◆ Exercise requirements: Reproduce the listing word for word. Skip any image.

[Dataset excerpt]

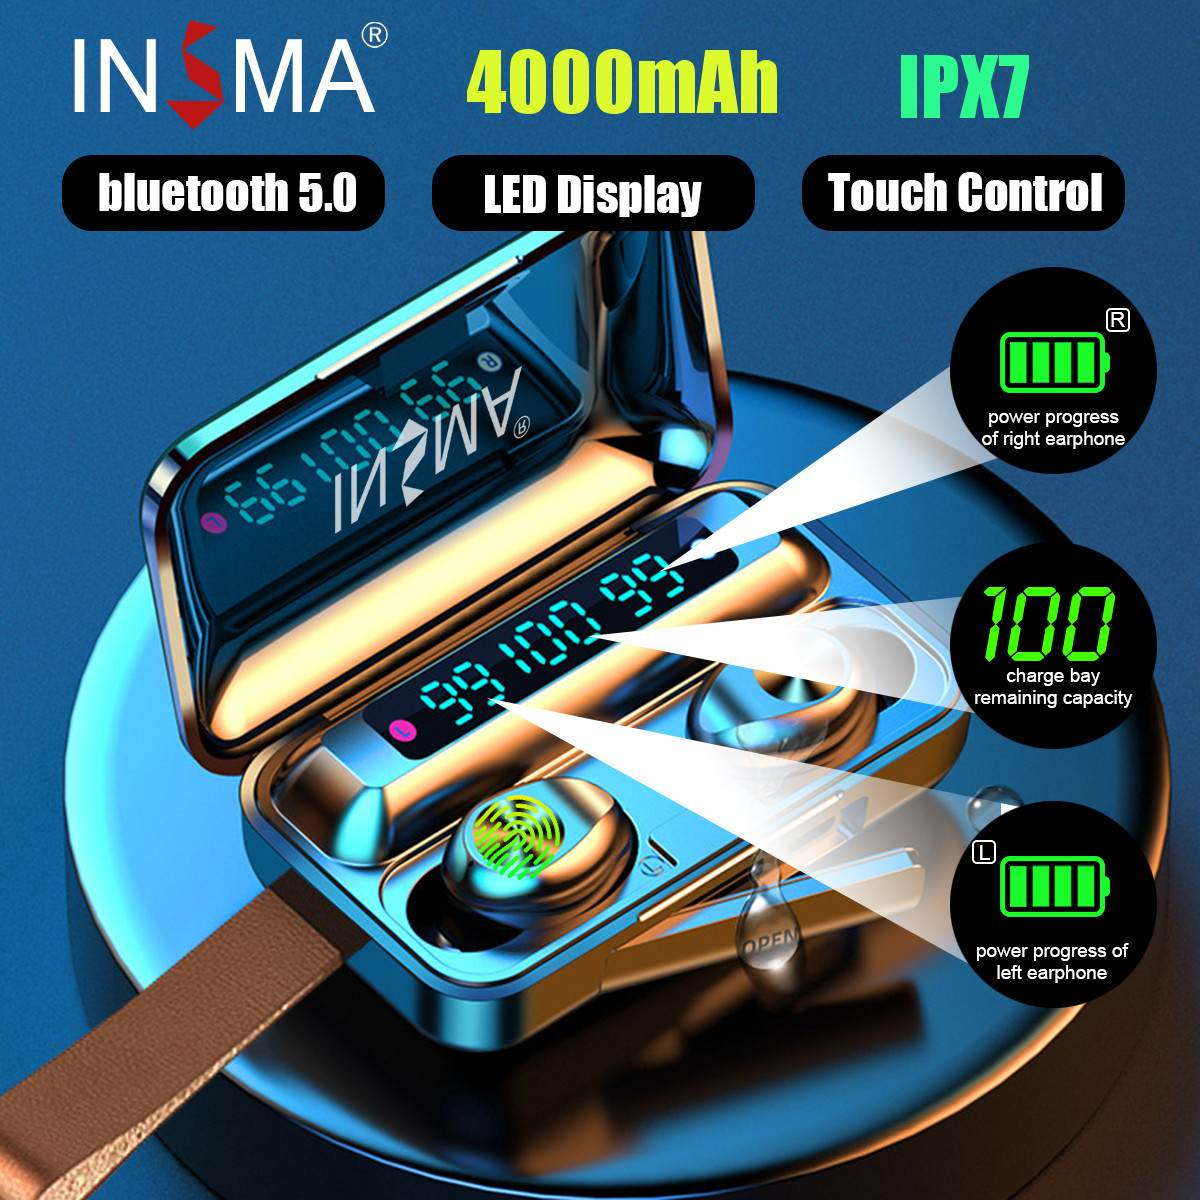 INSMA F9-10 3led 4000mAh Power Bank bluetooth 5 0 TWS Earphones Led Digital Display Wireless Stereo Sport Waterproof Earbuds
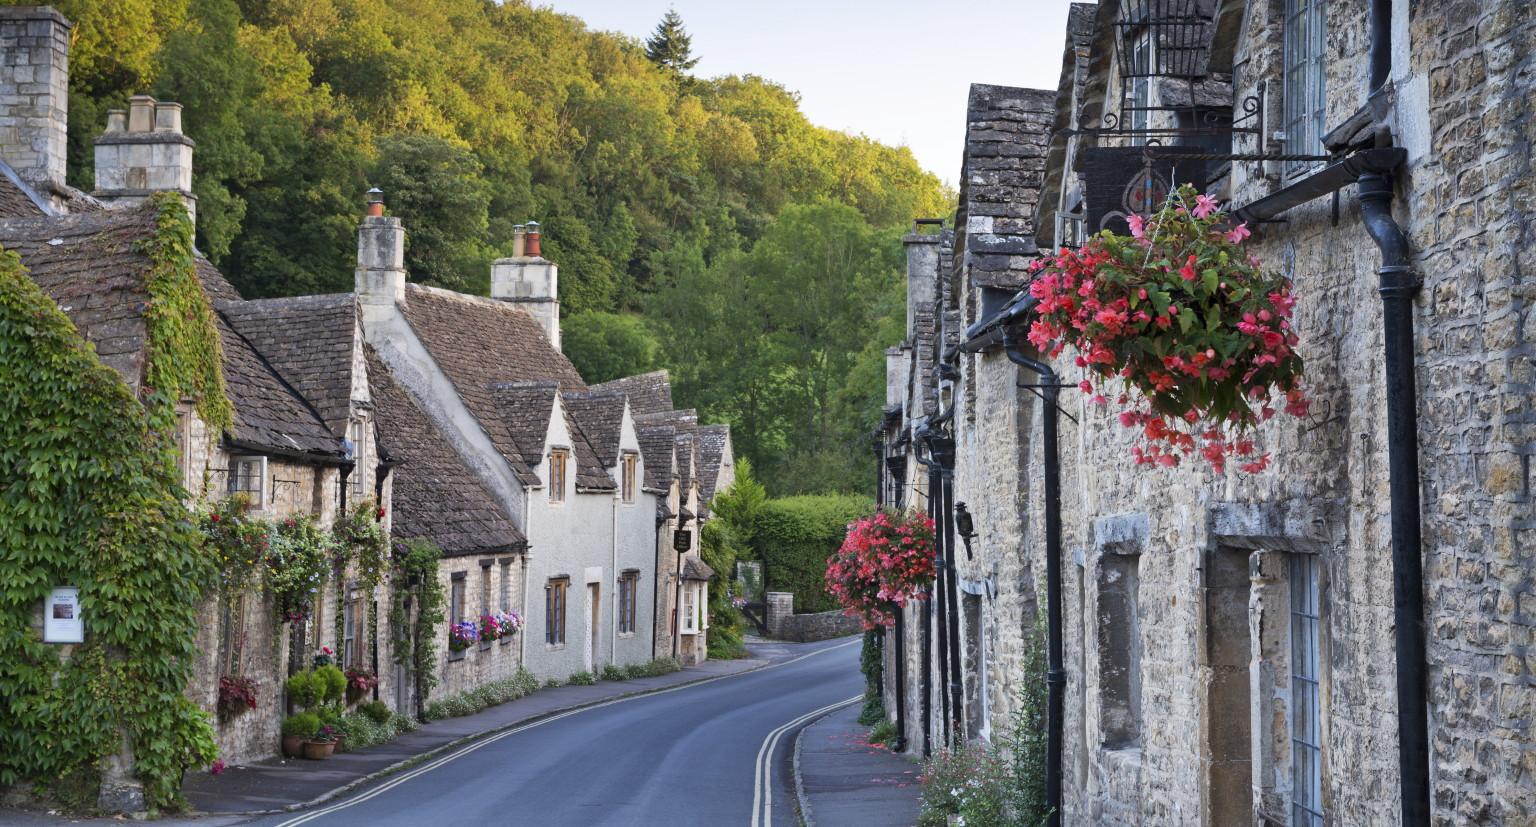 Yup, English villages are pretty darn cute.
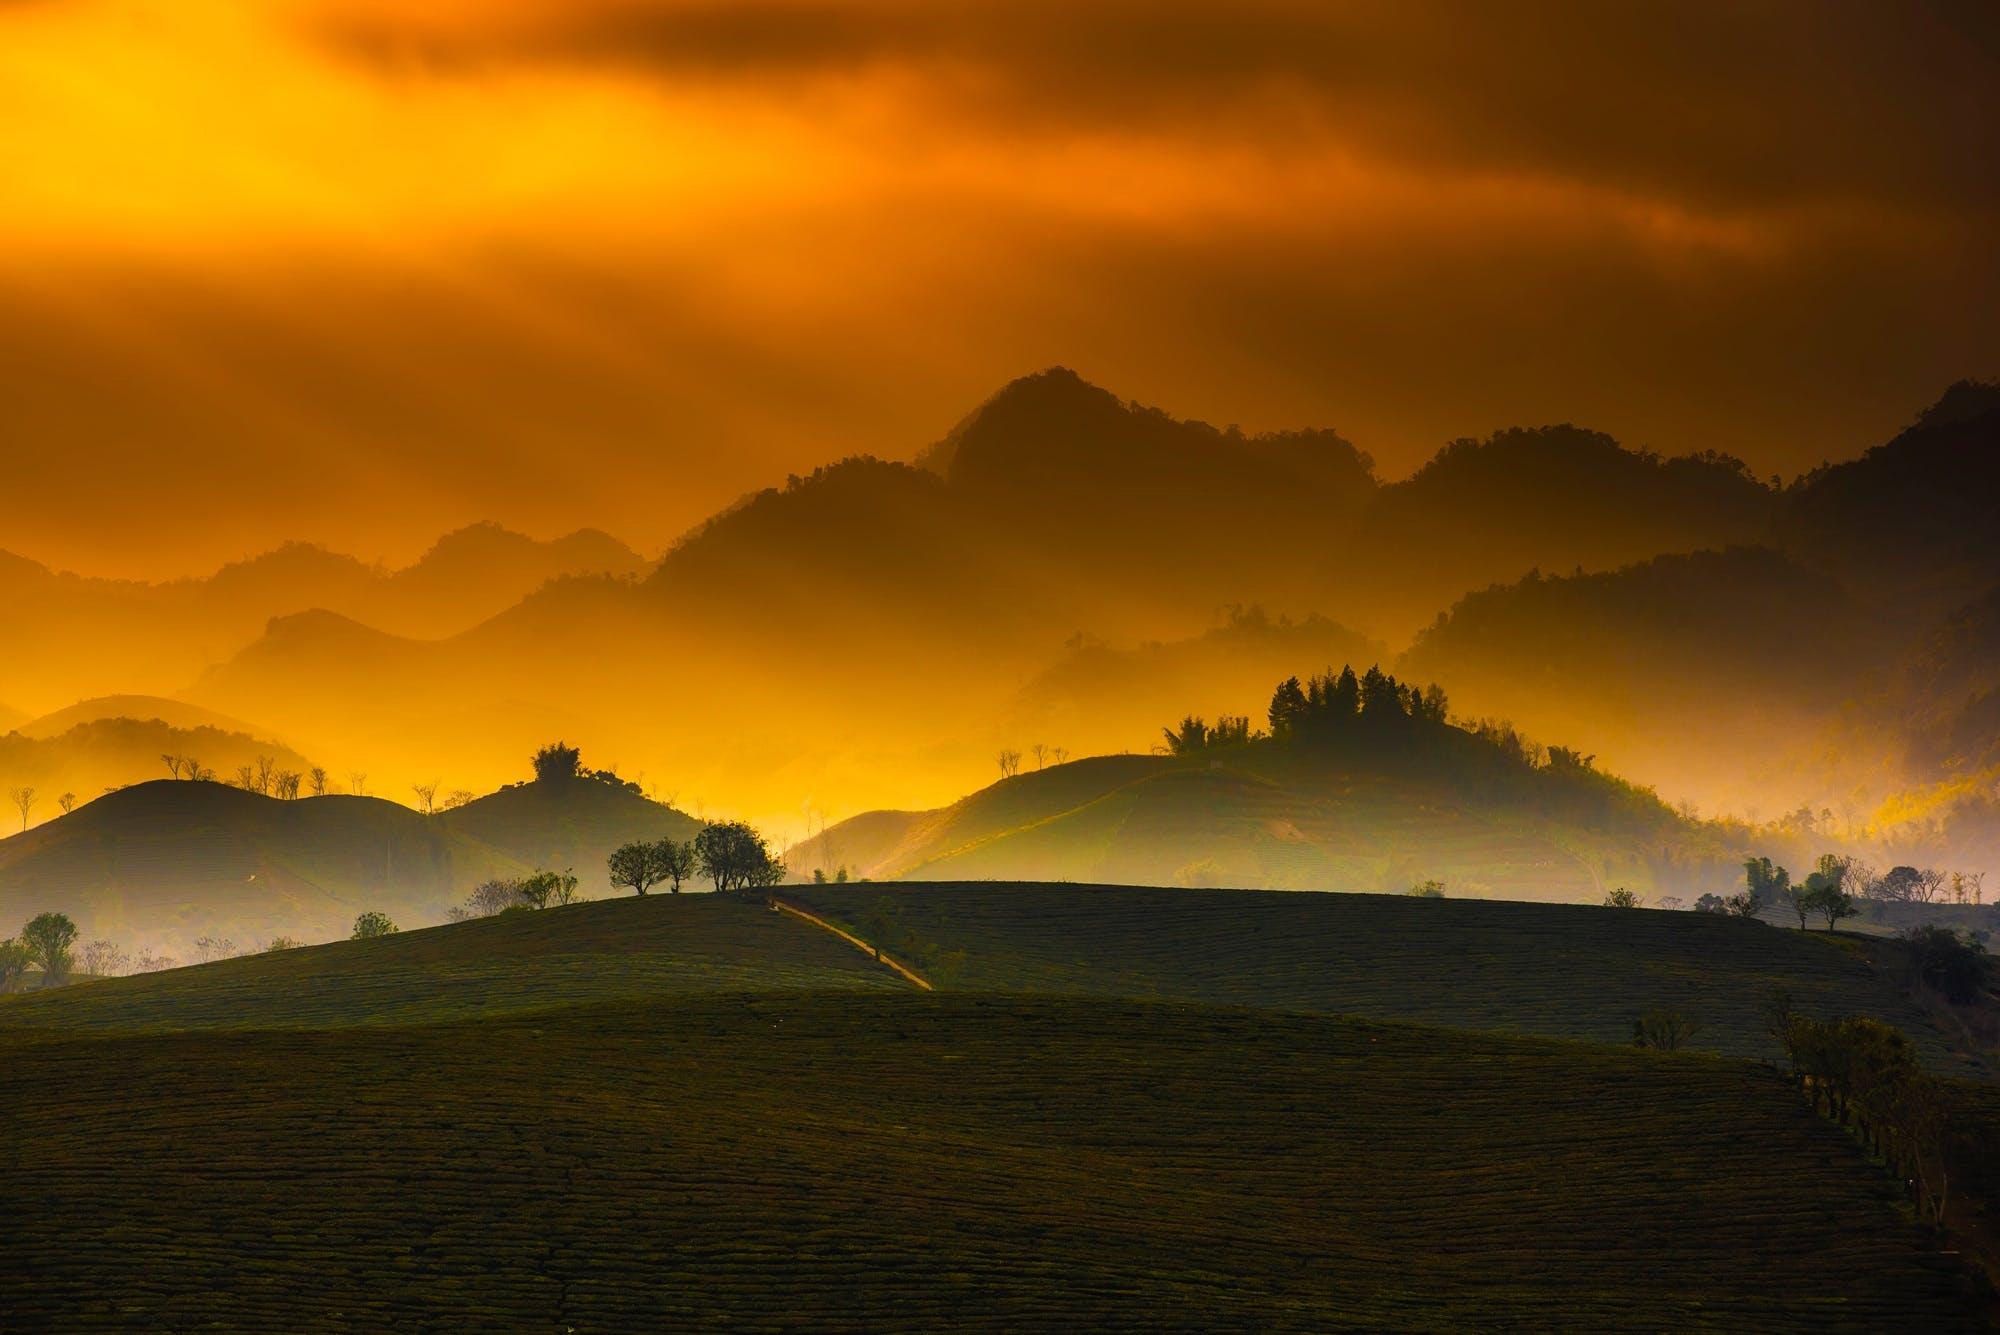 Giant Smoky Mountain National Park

[/Dataset excerpt]

◆ Solution below:
 INSMA F9-10 3led 4000mAh Power Bank bluetooth 5 0 TWS Earphones Led Digital Display Wireless Stereo Sport Waterproof Earbuds
 Yup, English villages are pretty darn cute.
 Giant Smoky Mountain National Park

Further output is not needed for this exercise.